Code is very simple, using left and right Pointers, constantly narrow the search scope, until find or left and right pointer collision so far!

Clamp force pointer

The terminating condition for a collision pointer is “collision”, sometimes we don’t need to collide, we just need to define a scope, but what the boundary of the scope is, we need to specify with a double pointer.

The container that holds the most water

{linkLeetcode-cn.com/problems/co…:

Our goal is simply to create the largest rectangle using the vertical bar and the X-axis. We define the left and right Pointers on both sides, moving and approximating to find the largest rectangle.

Public int maxArea(int[] height) {int left = 0, right = height.length - 1; int temp = 0; While (left < right) {int area = math.min (height[left], height[right]) * (right-left); // Int area = math.min (height[left], height[right]) * (right-left); Temp = math.max (temp, area); // if (height[left] <= height[right]) left++; // If (height[left] <= height[right]) left++; else right--; } return temp; }Copy the code

In this example, we keep moving the pointer to get the maximum size of the squeeze, and the condition to stop the squeeze is that the squeeze range is 0, which is right-left=0. Remember the squeeze rule for higher numbers?

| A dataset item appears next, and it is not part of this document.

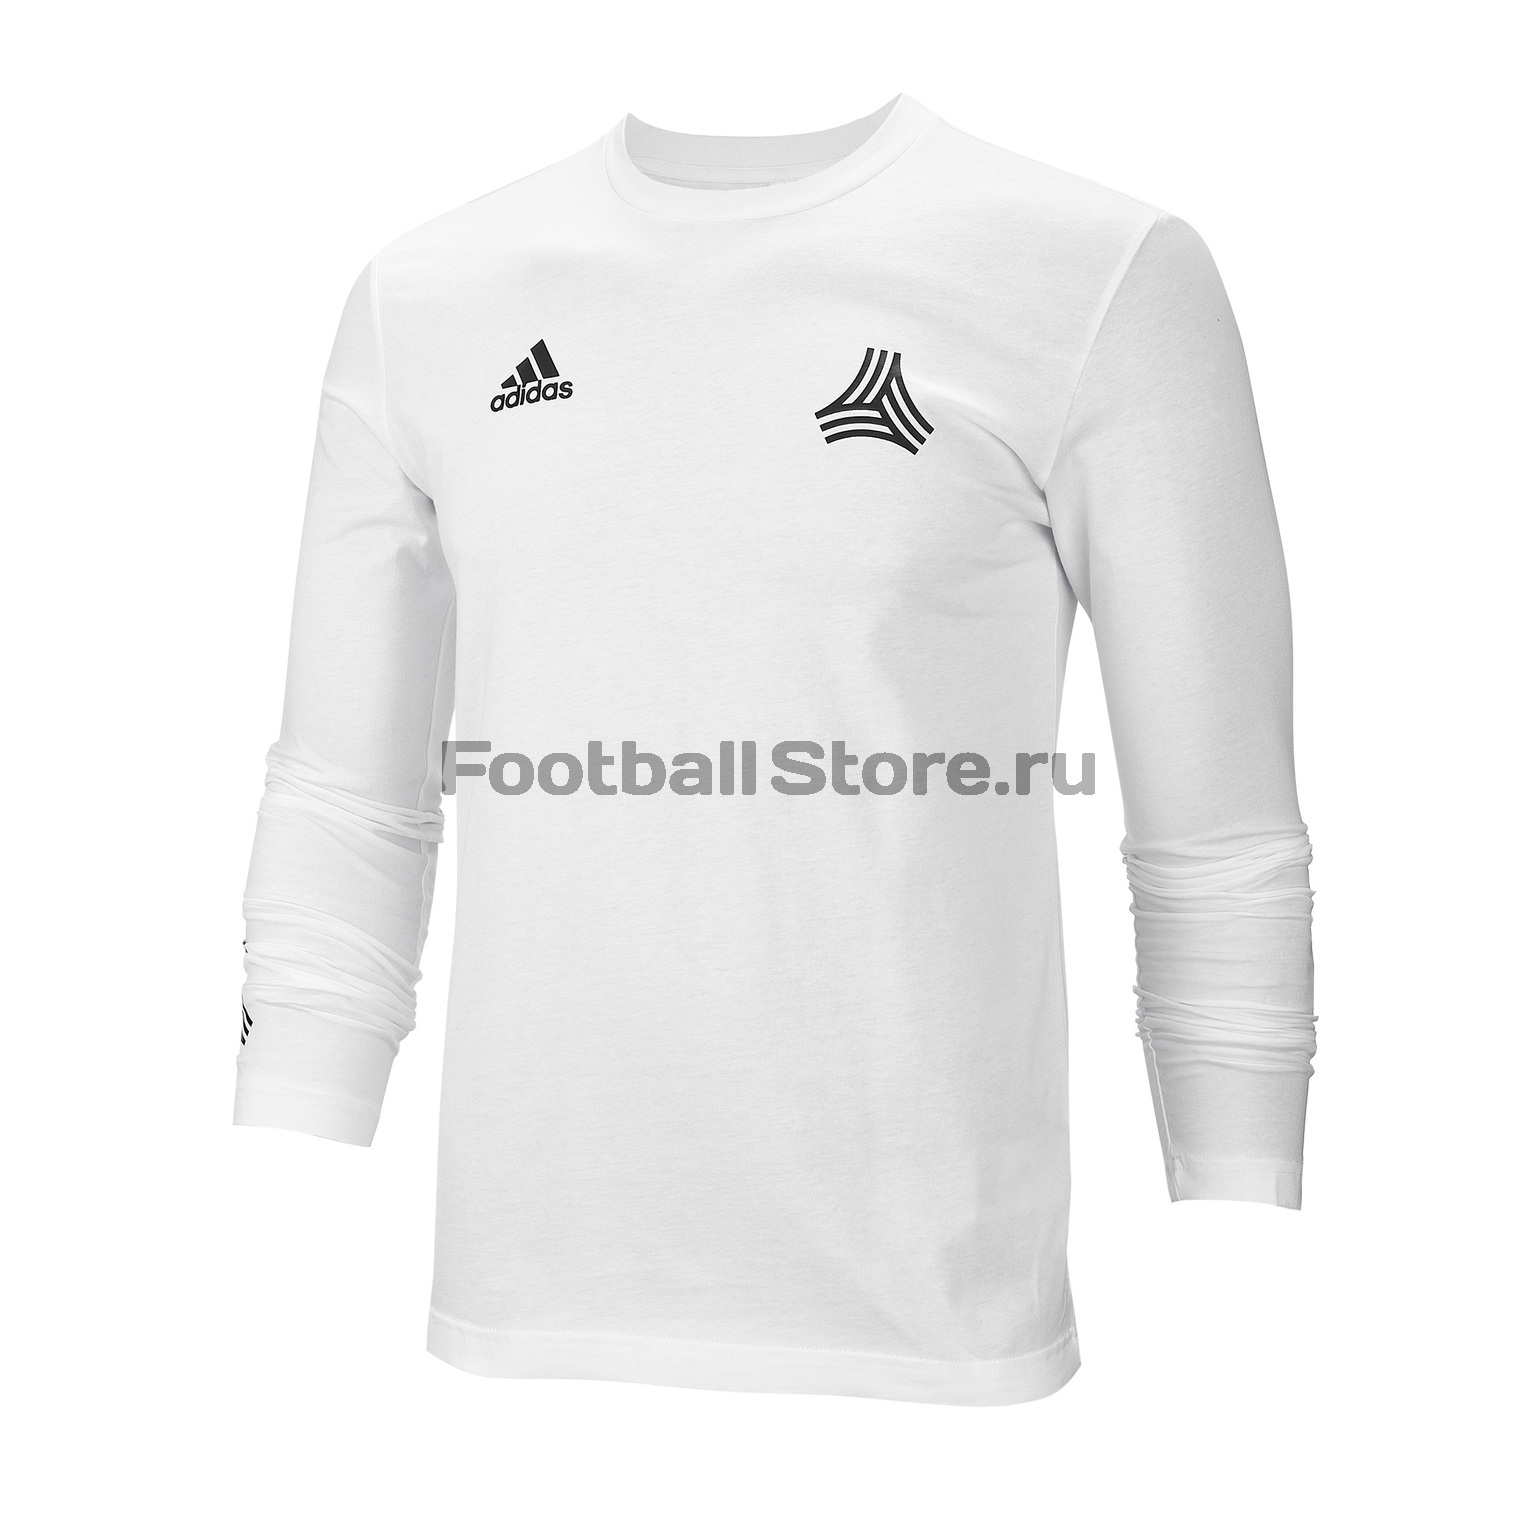 Футболка с длинным рукавом Adidas Tan Gr Tee LS DP2688 футболка с длинным рукавом asics 156859 0904 man long sleeve tee
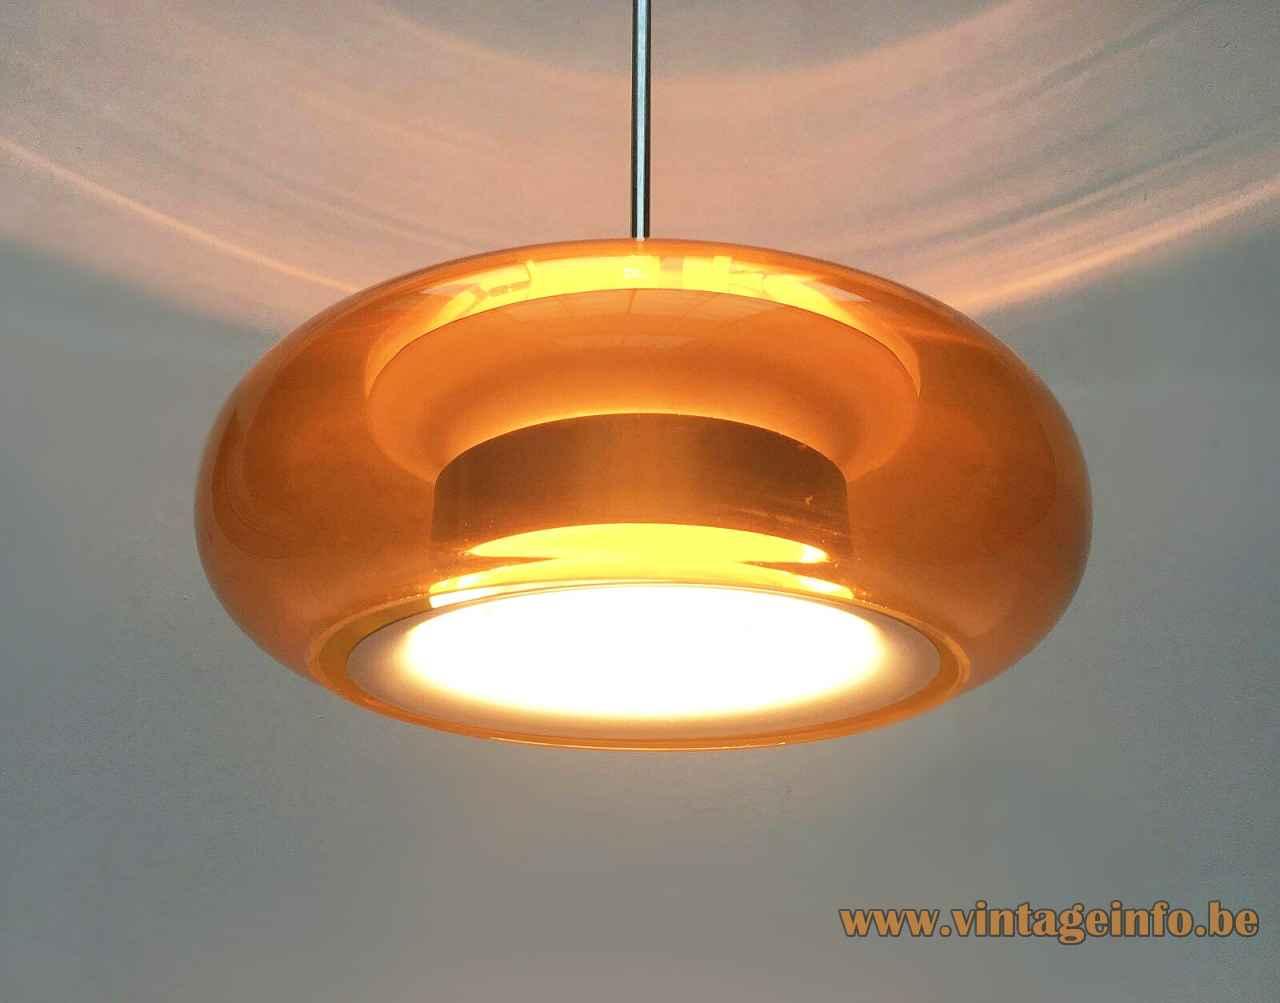 DORIA doughnut pendant lamp round clear orange glass lampshade aluminium diffuser 1960s 1970s Germany E27 socket

E > 0, any positive integer | N1 N2 | – > e, because e is tend to be infinitely small positive integer, here the e expressed as zero, right for larger N1 and N2, left for the small, it is right – left > 0, namely left < right, That’s the terminating condition in our if. Double pointer is the most basic algorithm idea, we must master, and in daily coding rational use, in order to be handy.